Activity → Look below for the line holding "CoolGadget Handyhülle Denim" and the line holding "You’re the Dog’s". Repeat those two and everything between, exactly.
[[ The input open ]]
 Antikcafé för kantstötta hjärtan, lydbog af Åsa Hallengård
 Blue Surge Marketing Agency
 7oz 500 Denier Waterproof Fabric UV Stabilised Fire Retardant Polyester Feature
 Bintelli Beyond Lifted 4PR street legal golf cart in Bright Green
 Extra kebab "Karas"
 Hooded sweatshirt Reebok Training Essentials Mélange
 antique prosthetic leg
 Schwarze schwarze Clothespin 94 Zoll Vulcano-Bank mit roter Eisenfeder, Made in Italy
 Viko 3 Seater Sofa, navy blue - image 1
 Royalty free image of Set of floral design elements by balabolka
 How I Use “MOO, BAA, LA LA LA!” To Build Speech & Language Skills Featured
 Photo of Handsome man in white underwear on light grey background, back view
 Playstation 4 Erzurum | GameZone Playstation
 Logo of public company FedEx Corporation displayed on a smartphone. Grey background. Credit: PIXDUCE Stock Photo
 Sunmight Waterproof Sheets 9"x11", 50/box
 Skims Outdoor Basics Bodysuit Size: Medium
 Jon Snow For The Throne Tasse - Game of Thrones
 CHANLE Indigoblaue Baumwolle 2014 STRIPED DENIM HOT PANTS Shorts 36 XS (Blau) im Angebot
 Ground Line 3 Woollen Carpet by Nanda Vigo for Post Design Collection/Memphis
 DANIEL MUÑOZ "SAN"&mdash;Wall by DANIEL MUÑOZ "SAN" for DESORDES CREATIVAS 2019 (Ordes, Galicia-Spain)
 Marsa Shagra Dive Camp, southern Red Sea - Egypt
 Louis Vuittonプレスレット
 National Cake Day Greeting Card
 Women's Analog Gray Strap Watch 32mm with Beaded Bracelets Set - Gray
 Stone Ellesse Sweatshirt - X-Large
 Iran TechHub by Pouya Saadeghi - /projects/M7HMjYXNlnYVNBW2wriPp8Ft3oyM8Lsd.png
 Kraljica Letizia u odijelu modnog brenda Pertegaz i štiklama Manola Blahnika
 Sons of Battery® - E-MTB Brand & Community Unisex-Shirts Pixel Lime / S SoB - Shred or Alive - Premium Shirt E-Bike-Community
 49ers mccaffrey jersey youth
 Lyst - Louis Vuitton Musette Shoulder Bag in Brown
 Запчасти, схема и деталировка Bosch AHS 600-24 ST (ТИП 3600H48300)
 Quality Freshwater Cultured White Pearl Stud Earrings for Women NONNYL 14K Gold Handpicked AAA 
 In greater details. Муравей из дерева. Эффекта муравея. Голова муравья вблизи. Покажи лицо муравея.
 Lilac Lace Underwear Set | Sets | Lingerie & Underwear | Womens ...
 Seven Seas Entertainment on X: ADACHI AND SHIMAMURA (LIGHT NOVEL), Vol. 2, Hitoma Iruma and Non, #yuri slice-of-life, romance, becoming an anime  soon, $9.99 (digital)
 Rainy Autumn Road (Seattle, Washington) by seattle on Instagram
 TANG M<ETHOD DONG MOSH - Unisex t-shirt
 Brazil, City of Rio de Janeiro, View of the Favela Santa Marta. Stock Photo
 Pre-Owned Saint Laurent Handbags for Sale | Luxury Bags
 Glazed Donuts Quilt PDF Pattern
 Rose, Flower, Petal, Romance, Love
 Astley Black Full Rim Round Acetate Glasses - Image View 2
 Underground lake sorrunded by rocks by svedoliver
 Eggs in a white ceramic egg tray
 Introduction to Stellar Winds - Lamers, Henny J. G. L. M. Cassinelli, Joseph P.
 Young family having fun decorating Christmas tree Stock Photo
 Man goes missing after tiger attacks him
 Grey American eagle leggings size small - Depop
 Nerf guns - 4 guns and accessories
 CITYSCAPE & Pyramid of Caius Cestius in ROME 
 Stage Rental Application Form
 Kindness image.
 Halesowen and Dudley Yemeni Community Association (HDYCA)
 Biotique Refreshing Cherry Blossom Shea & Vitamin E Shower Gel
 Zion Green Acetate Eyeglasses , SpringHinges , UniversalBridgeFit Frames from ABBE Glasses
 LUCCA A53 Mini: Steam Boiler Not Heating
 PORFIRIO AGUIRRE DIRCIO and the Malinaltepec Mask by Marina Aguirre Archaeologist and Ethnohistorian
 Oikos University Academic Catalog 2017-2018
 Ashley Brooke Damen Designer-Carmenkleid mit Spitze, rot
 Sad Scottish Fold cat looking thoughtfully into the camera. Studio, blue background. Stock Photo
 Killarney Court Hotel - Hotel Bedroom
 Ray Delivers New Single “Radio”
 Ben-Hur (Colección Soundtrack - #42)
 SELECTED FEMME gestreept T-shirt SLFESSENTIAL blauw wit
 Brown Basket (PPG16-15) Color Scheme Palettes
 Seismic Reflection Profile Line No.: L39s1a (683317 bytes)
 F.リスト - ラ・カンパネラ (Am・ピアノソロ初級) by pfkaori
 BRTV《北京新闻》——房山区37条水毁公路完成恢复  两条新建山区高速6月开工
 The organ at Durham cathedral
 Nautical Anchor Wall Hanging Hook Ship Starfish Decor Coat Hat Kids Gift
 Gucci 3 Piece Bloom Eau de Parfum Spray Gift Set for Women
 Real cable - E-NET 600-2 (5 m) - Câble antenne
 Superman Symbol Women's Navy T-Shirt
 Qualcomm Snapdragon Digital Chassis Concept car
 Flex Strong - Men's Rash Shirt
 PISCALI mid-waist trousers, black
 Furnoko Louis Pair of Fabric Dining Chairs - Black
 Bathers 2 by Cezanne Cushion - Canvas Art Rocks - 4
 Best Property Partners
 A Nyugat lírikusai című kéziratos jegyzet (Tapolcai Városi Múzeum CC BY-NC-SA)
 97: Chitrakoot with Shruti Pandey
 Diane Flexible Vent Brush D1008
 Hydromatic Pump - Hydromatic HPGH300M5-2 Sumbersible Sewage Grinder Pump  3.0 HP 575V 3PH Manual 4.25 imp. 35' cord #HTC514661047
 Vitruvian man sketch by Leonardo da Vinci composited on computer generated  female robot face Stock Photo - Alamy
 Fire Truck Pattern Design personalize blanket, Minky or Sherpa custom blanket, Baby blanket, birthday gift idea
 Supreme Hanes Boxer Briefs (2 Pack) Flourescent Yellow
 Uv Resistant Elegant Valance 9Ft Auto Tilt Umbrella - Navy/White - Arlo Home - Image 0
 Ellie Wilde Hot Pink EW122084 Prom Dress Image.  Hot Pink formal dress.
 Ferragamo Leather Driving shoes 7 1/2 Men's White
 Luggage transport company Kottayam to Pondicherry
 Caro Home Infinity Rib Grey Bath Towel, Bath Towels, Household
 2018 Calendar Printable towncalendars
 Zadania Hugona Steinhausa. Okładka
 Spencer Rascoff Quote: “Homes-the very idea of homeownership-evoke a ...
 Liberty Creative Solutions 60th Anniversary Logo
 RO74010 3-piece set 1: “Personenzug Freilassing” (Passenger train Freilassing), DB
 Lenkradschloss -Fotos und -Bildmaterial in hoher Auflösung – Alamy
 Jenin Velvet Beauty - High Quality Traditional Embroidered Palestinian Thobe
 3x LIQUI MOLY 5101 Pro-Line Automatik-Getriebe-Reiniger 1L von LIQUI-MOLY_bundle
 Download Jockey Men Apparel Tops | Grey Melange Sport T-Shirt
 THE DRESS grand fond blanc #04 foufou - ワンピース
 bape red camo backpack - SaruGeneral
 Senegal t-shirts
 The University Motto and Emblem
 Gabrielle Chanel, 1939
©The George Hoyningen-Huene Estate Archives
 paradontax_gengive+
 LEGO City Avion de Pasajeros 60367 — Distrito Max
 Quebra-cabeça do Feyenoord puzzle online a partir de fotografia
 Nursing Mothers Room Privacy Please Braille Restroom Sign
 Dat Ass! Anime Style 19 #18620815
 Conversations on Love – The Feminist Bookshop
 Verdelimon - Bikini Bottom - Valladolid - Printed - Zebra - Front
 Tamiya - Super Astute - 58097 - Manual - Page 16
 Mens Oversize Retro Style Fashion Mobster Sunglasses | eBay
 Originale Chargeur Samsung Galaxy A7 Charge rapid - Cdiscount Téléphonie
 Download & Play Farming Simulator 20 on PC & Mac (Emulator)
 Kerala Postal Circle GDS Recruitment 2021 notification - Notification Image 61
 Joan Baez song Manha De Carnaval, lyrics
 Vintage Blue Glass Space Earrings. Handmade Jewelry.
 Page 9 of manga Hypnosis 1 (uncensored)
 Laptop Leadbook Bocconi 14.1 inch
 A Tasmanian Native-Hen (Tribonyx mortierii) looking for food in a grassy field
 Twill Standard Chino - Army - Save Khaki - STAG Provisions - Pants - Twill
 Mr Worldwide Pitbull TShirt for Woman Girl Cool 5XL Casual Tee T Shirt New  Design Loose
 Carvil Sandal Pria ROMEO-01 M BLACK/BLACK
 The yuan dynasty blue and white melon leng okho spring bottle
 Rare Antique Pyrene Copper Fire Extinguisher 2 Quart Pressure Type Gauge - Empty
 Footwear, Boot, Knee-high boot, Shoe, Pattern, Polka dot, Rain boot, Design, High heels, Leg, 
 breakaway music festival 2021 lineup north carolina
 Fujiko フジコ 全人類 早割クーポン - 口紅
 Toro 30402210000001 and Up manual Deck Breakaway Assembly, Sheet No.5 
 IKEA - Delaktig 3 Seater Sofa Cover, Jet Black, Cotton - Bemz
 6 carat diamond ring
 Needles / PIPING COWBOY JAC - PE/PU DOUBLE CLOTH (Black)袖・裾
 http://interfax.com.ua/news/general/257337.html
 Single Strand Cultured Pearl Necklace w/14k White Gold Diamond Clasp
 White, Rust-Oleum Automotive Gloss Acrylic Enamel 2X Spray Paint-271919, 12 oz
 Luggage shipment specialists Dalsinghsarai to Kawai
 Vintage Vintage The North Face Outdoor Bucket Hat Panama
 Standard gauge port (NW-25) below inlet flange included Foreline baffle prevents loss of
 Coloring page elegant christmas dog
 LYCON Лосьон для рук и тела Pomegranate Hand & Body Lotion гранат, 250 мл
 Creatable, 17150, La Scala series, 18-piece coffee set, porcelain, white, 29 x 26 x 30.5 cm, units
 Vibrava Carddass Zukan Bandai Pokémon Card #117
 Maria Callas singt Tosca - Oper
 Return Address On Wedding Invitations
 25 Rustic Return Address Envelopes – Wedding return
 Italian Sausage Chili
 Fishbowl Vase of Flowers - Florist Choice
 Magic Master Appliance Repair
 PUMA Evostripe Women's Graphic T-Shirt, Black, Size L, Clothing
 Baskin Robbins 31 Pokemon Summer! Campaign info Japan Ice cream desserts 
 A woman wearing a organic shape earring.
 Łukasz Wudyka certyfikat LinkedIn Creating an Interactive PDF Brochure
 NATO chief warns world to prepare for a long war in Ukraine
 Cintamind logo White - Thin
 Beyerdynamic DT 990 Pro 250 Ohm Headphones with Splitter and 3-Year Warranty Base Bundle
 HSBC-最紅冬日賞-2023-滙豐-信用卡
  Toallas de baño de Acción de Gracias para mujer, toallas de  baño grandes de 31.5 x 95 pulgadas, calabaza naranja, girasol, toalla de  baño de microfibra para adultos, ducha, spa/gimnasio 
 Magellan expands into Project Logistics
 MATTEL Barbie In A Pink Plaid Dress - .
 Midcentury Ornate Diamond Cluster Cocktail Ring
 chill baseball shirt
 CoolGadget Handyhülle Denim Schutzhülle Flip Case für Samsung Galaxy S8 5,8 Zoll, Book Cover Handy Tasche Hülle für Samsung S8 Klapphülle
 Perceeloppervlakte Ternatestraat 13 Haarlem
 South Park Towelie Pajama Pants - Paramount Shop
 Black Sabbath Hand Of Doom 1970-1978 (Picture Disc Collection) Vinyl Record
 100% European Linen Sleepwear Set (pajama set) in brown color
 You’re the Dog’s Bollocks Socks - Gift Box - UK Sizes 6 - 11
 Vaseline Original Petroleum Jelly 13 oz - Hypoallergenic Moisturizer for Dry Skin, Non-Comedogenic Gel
[[ The input closed ]]
Final answer →
 CoolGadget Handyhülle Denim Schutzhülle Flip Case für Samsung Galaxy S8 5,8 Zoll, Book Cover Handy Tasche Hülle für Samsung S8 Klapphülle
 Perceeloppervlakte Ternatestraat 13 Haarlem
 South Park Towelie Pajama Pants - Paramount Shop
 Black Sabbath Hand Of Doom 1970-1978 (Picture Disc Collection) Vinyl Record
 100% European Linen Sleepwear Set (pajama set) in brown color
 You’re the Dog’s Bollocks Socks - Gift Box - UK Sizes 6 - 11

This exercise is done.